→ **WORK ORDER**
The records that follow are to be transcribed exactly.

[Stored data entries]
-=-=-=-=-
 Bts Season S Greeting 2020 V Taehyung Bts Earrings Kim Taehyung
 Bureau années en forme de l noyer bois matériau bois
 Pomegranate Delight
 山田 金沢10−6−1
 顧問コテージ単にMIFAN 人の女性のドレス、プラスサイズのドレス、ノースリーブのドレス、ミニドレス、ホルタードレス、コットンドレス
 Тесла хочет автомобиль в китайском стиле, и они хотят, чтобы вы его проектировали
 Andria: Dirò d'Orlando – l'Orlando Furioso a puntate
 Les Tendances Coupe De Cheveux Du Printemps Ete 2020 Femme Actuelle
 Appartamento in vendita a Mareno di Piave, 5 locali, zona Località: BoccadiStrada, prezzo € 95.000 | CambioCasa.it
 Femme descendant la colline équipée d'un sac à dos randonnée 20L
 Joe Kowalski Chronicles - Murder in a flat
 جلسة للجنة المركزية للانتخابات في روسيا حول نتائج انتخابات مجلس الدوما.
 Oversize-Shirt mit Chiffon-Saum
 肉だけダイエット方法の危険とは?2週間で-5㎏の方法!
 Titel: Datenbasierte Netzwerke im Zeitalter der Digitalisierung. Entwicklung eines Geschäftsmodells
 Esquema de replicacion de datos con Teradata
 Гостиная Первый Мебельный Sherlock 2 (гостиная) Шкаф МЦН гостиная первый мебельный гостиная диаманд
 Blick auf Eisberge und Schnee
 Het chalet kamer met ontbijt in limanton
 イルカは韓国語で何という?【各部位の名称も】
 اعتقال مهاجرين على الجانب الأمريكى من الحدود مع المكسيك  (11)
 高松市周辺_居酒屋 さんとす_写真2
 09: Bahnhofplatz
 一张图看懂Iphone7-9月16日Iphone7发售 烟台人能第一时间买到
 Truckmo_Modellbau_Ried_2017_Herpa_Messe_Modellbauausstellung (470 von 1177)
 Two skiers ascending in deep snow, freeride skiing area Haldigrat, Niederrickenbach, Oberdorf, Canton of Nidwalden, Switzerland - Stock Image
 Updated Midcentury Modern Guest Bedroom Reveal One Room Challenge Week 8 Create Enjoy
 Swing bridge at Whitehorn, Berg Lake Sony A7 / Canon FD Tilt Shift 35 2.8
-=-=-=-=-
→ **EXPECTED OUTPUT**
 Bts Season S Greeting 2020 V Taehyung Bts Earrings Kim Taehyung
 Bureau années en forme de l noyer bois matériau bois
 Pomegranate Delight
 山田 金沢10−6−1
 顧問コテージ単にMIFAN 人の女性のドレス、プラスサイズのドレス、ノースリーブのドレス、ミニドレス、ホルタードレス、コットンドレス
 Тесла хочет автомобиль в китайском стиле, и они хотят, чтобы вы его проектировали
 Andria: Dirò d'Orlando – l'Orlando Furioso a puntate
 Les Tendances Coupe De Cheveux Du Printemps Ete 2020 Femme Actuelle
 Appartamento in vendita a Mareno di Piave, 5 locali, zona Località: BoccadiStrada, prezzo € 95.000 | CambioCasa.it
 Femme descendant la colline équipée d'un sac à dos randonnée 20L
 Joe Kowalski Chronicles - Murder in a flat
 جلسة للجنة المركزية للانتخابات في روسيا حول نتائج انتخابات مجلس الدوما.
 Oversize-Shirt mit Chiffon-Saum
 肉だけダイエット方法の危険とは?2週間で-5㎏の方法!
 Titel: Datenbasierte Netzwerke im Zeitalter der Digitalisierung. Entwicklung eines Geschäftsmodells
 Esquema de replicacion de datos con Teradata
 Гостиная Первый Мебельный Sherlock 2 (гостиная) Шкаф МЦН гостиная первый мебельный гостиная диаманд
 Blick auf Eisberge und Schnee
 Het chalet kamer met ontbijt in limanton
 イルカは韓国語で何という?【各部位の名称も】
 اعتقال مهاجرين على الجانب الأمريكى من الحدود مع المكسيك  (11)
 高松市周辺_居酒屋 さんとす_写真2
 09: Bahnhofplatz
 一张图看懂Iphone7-9月16日Iphone7发售 烟台人能第一时间买到
 Truckmo_Modellbau_Ried_2017_Herpa_Messe_Modellbauausstellung (470 von 1177)
 Two skiers ascending in deep snow, freeride skiing area Haldigrat, Niederrickenbach, Oberdorf, Canton of Nidwalden, Switzerland - Stock Image
 Updated Midcentury Modern Guest Bedroom Reveal One Room Challenge Week 8 Create Enjoy
 Swing bridge at Whitehorn, Berg Lake Sony A7 / Canon FD Tilt Shift 35 2.8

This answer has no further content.